About this exercise - In the listing that follows, print every line exactly and leave the images out.

Data extract -
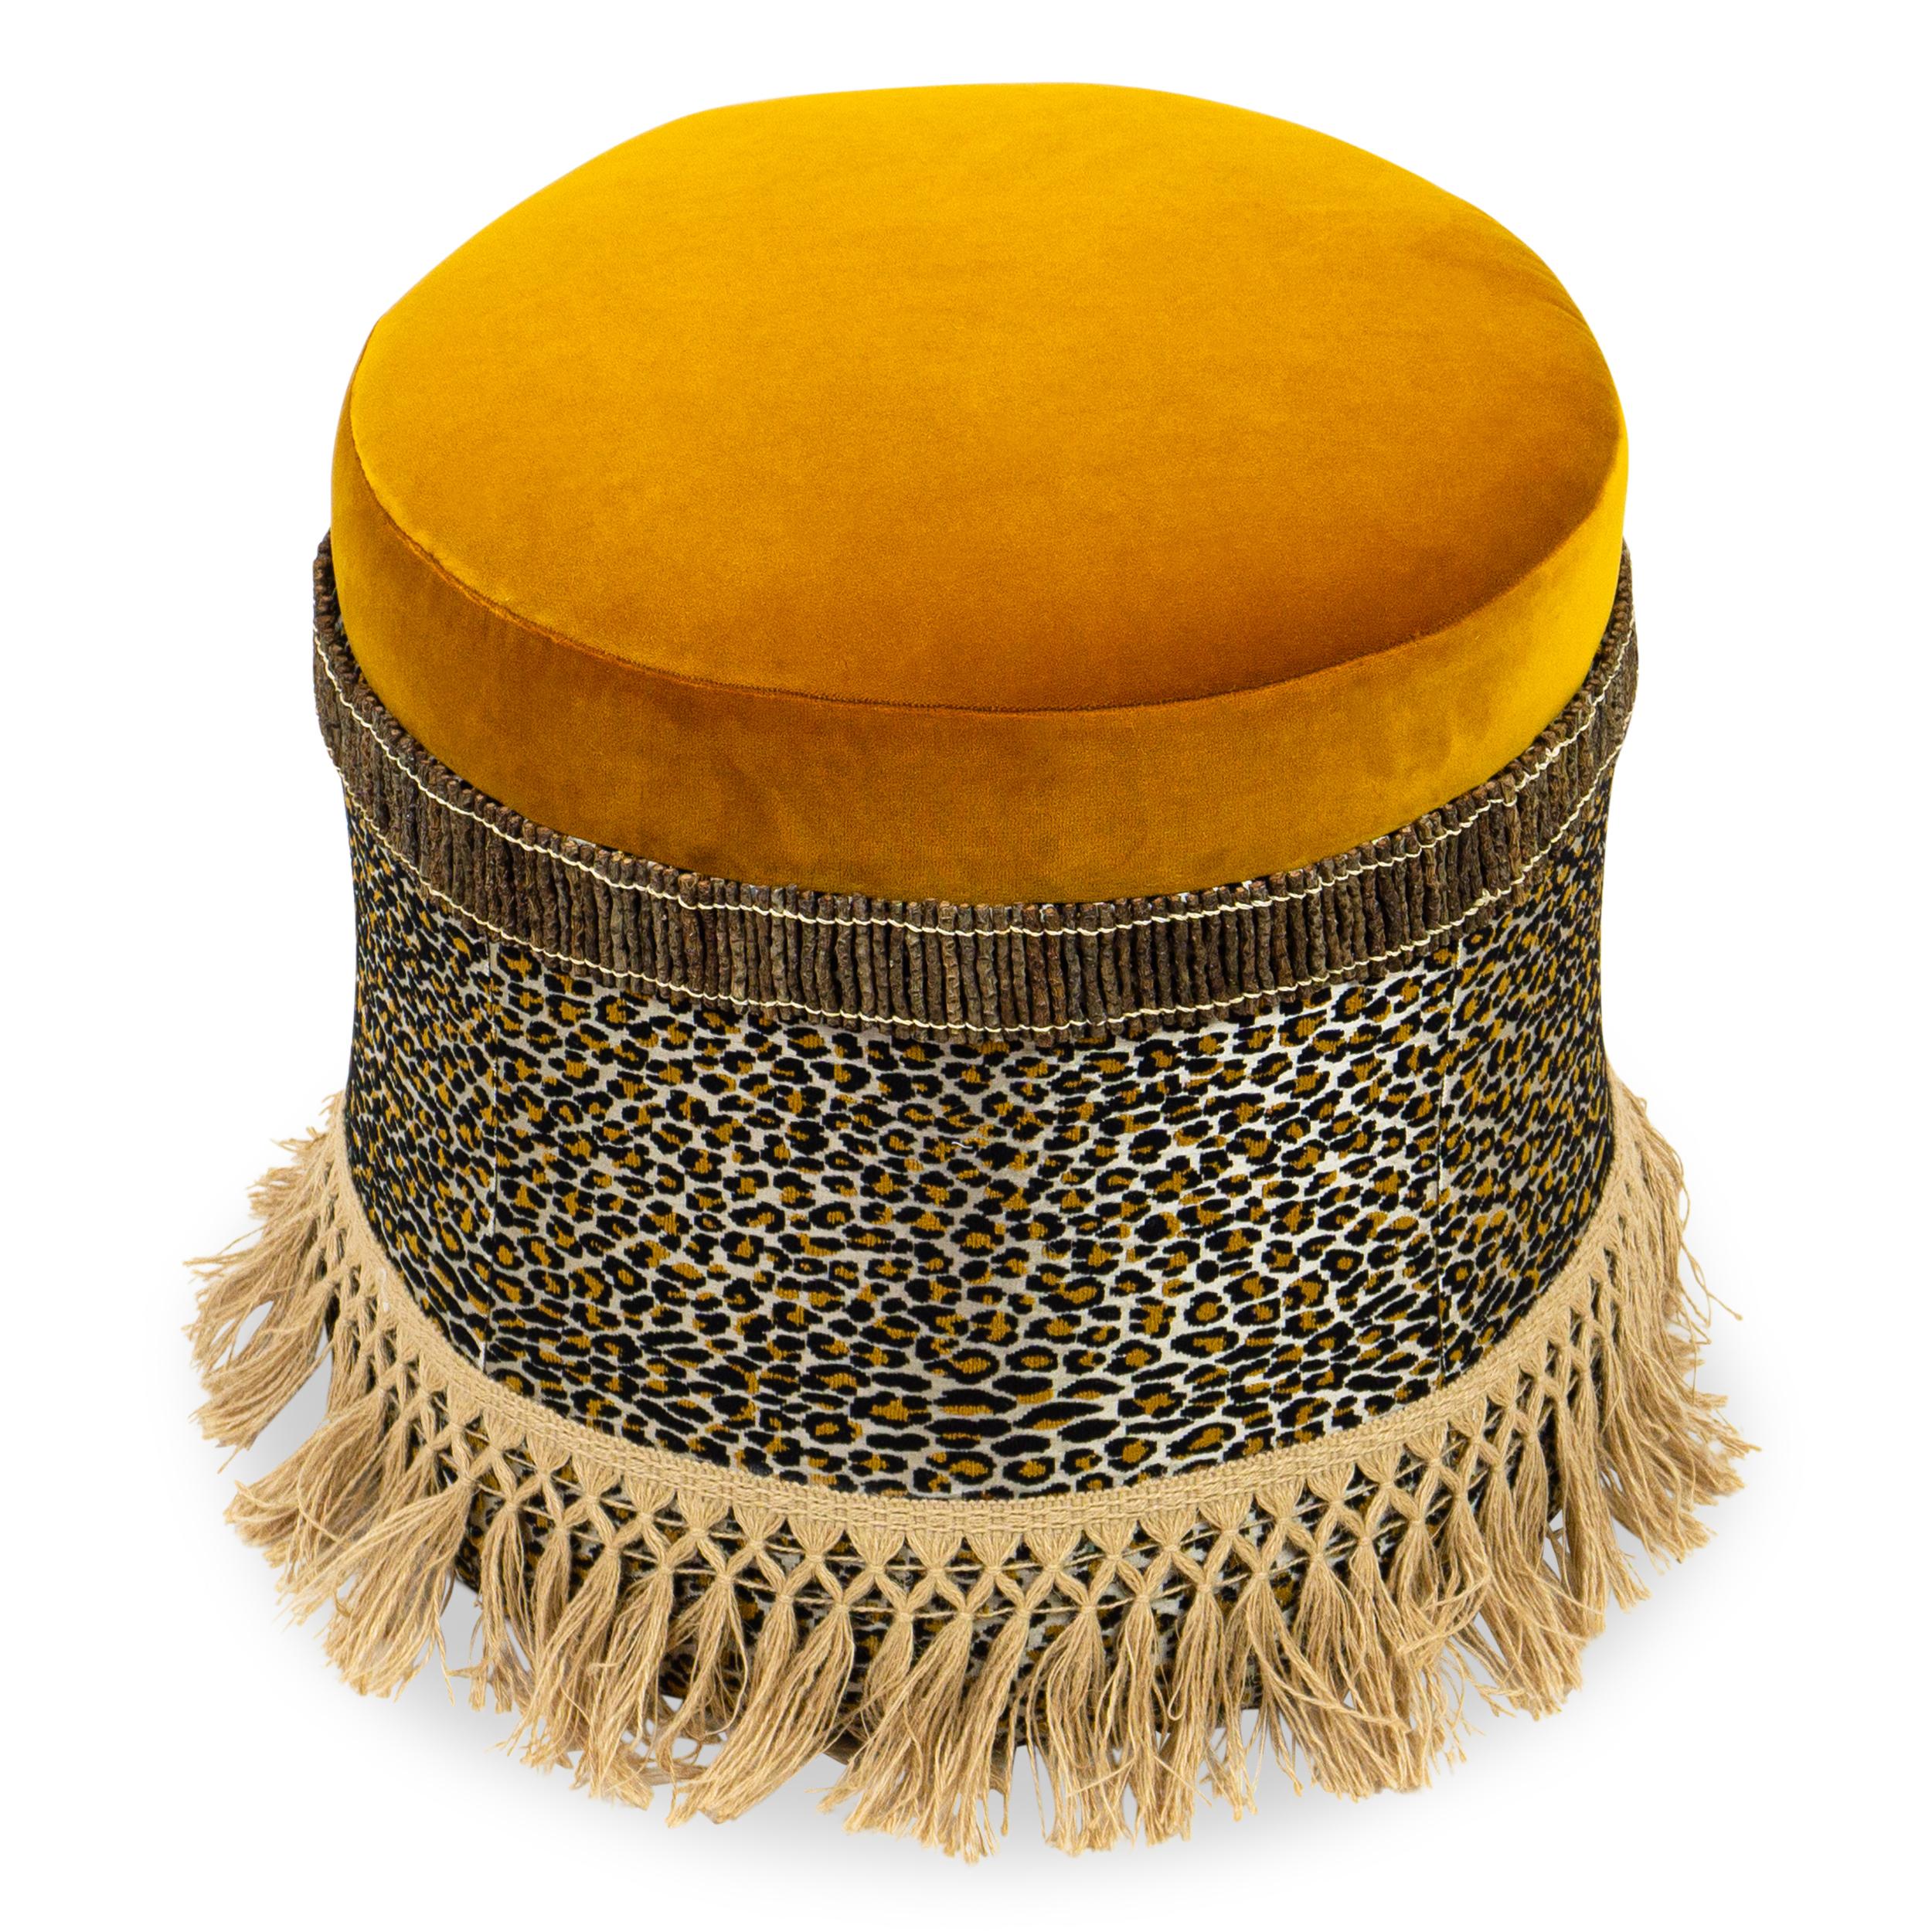 Sexy leopard jacquard ottoman with golden velvet seat, macrame hemp tassel fringe and twig tape. Great for occasional seating, boudoir or bedroom. 

Measurements:
Overall: 18”W x 18”D x 17”H
Seat height: 17

Worked solution -
 Sexy leopard jacquard ottoman with golden velvet seat, macrame hemp tassel fringe and twig tape. Great for occasional seating, boudoir or bedroom. 

Measurements:
Overall: 18”W x 18”D x 17”H
Seat height: 17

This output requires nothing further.